# Service und Support > Testforum >  archivieren von Nachrichten

## adam 60

Hallo mal,
wieder mal im Blindflug unterwegs,
meine Ordner Nachrichten ist bald voll,wie kann ich die Nachrichten archivieren ?
ich möchte sie halt noch nicht löschen.

Adam

----------


## Harald_1933

Moin Adam,

wie eben schon telefonisch erläutert, könntest Du die eingegangenen oder ausgesandten PNs nach und nach kopieren und im PC auf einen Ordner ablegen. Bitte, nicht vergessen, die kopierten PNs danach im Forum zu löschen, damit der für Dich vorgesehene Briefkasten (maximal 100 PNs) nicht überläuft, also keine weiteren PNs mehr aufnehmen kann. Viel Spaß bei der Selektion der wichtigsten PNs.

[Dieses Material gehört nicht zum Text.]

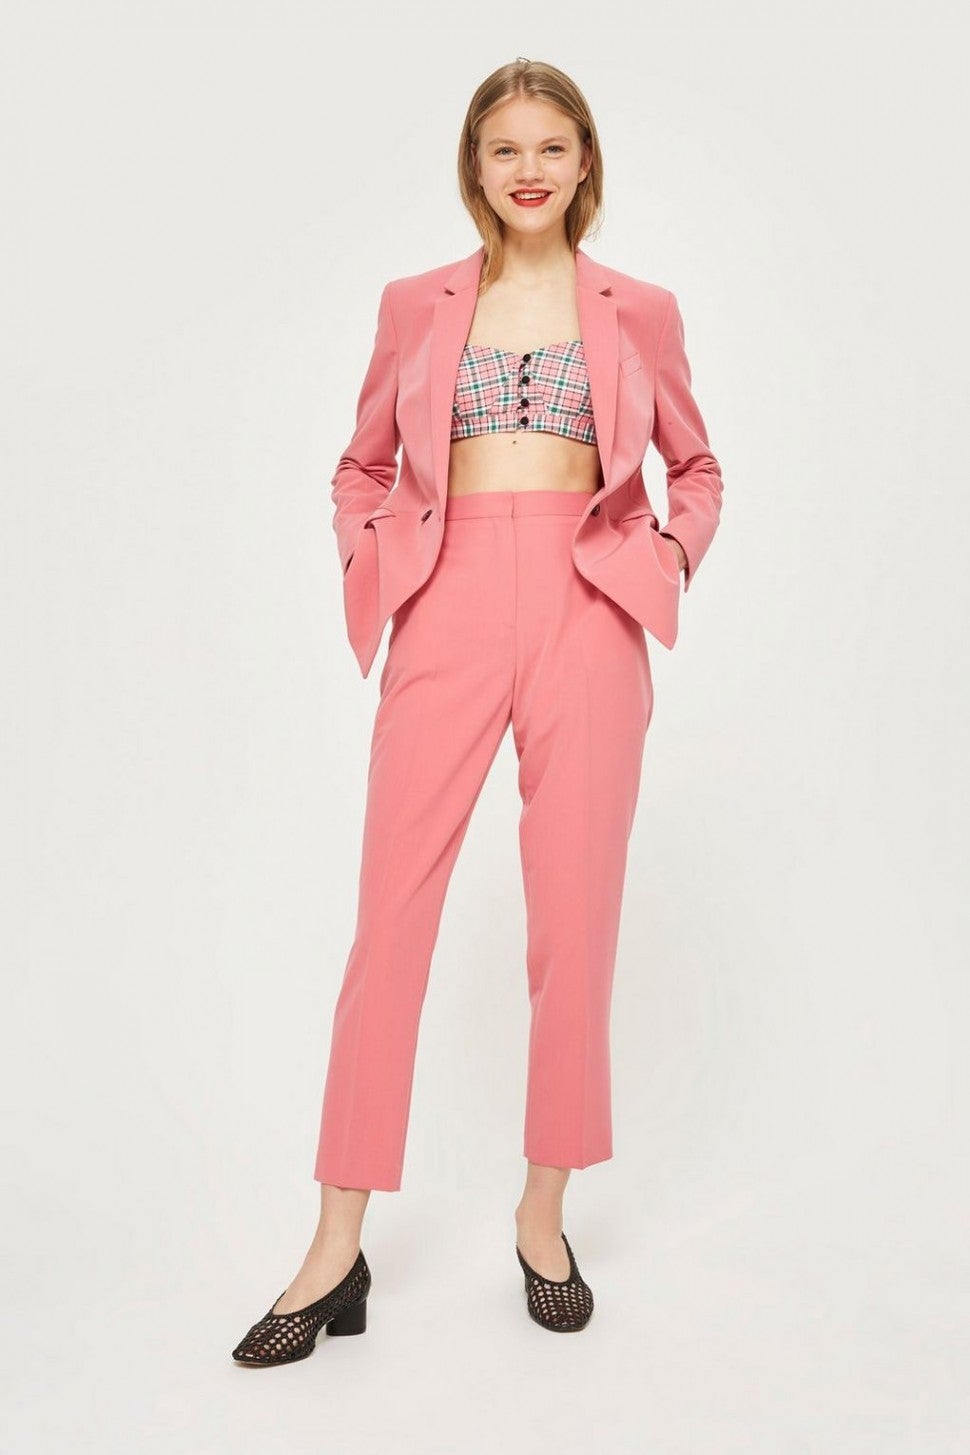 Topshop pink pantsuit
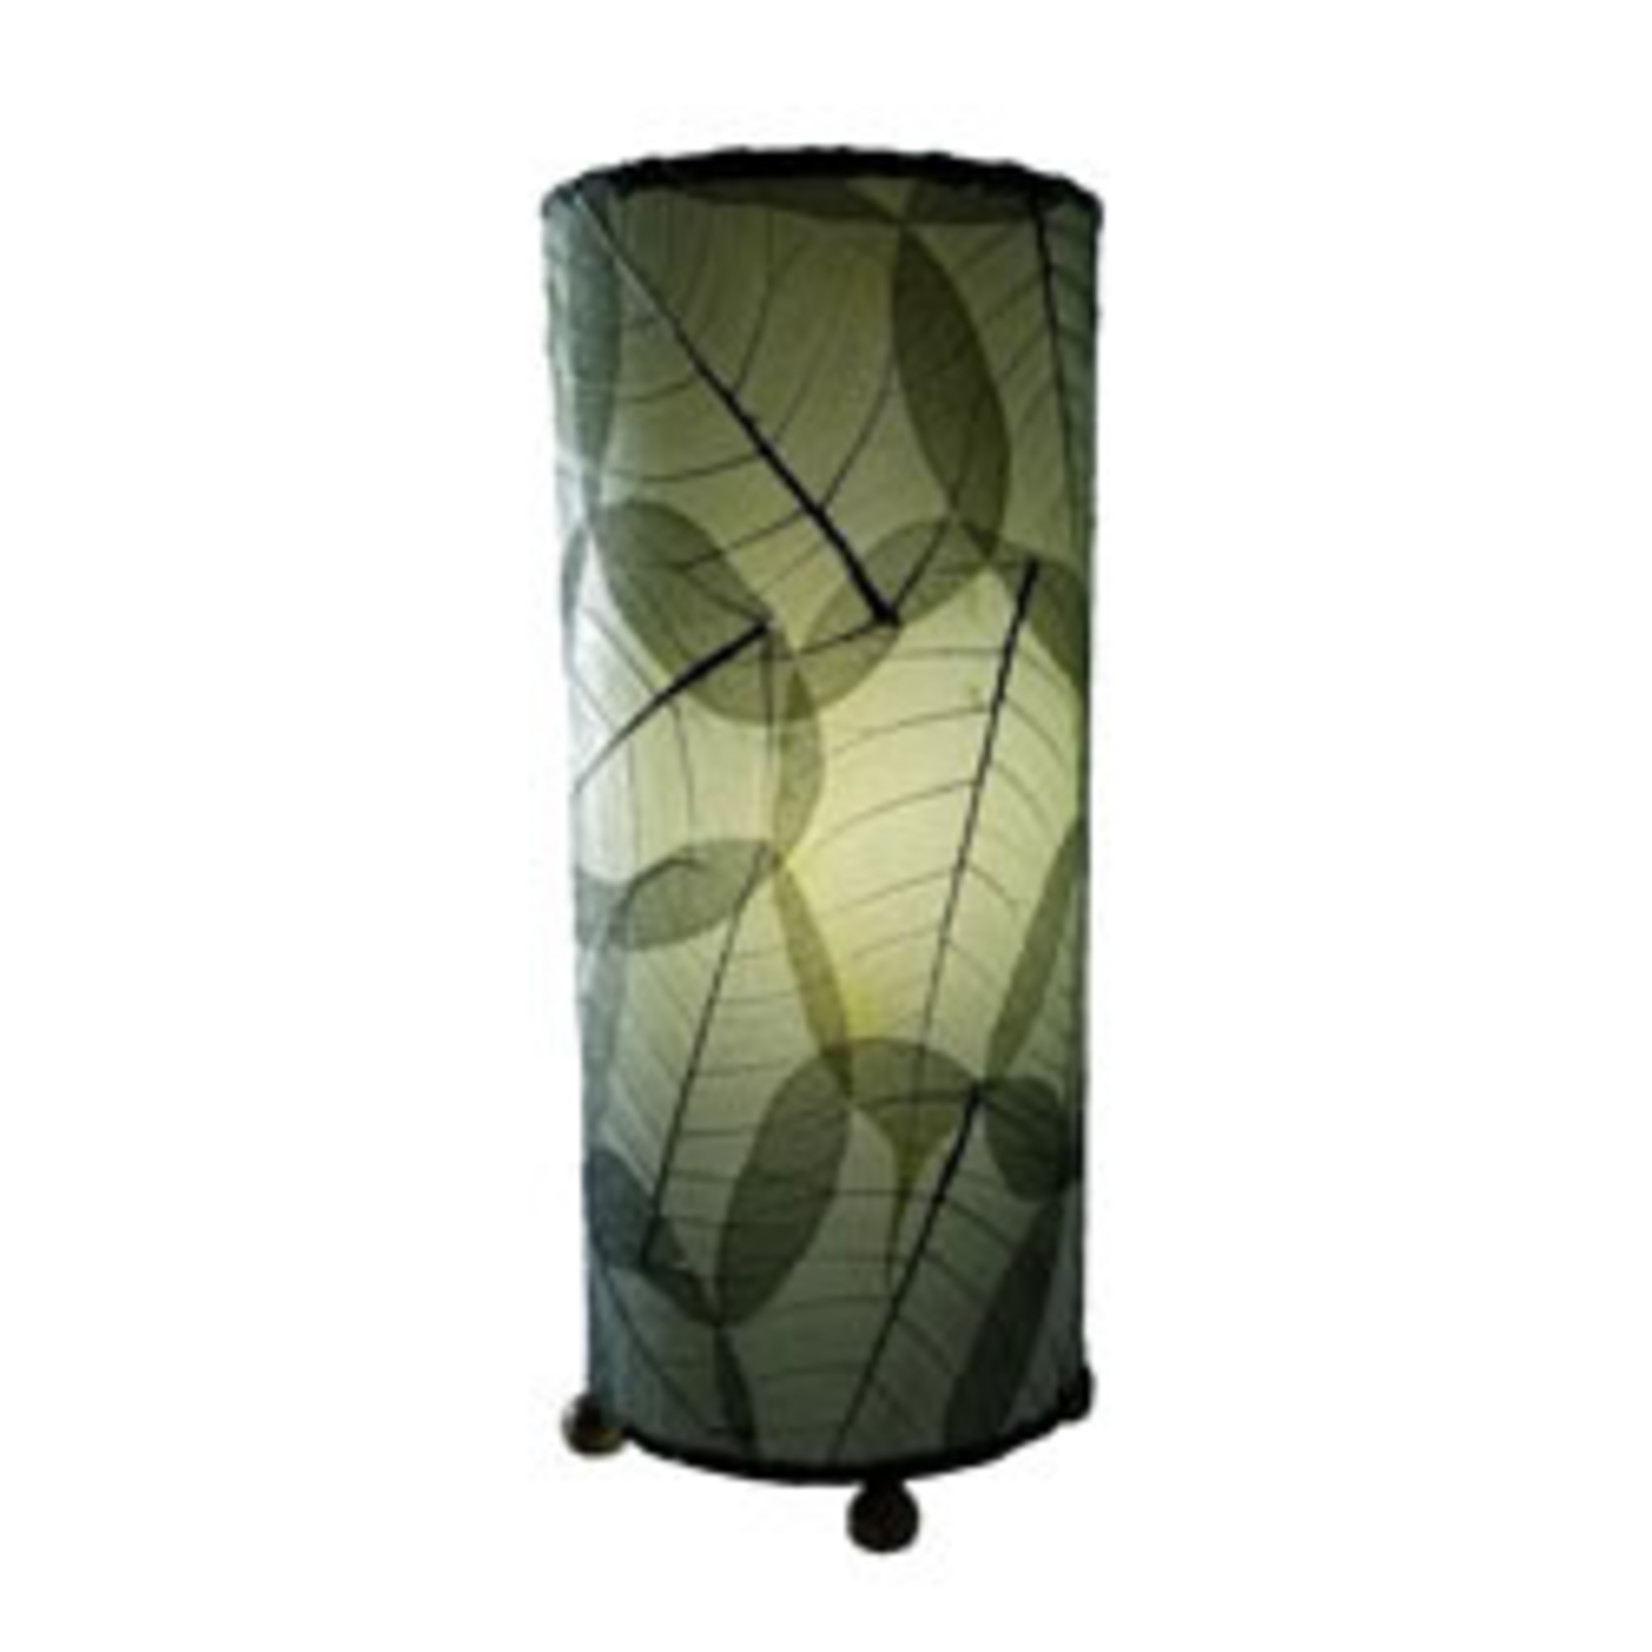 Eangee Home Design Lamp, EANGEE, BANYAN Cylinder, 17x7", green

*"Mach' dir keine Sorgen wegen deiner Schwierigkeiten mit der Mathematik. Ich kann dir versichern, dass meine noch größer sind"*
(Albert Einstein)

Gruß Harald

----------


## adam 60

na dann,
Danke mal,auch für die Thailand Info
regnerische Grüsse
Adam

----------


## adam 60

> meine Ordner Nachrichten ist bald voll,wie kann ich die Nachrichten archivieren ?


funktionierts ?

----------


## adam 60

> funktionierts ?


geht doch !!!!

----------


## adam 60

test 1  21.9.-13.20 uhr

----------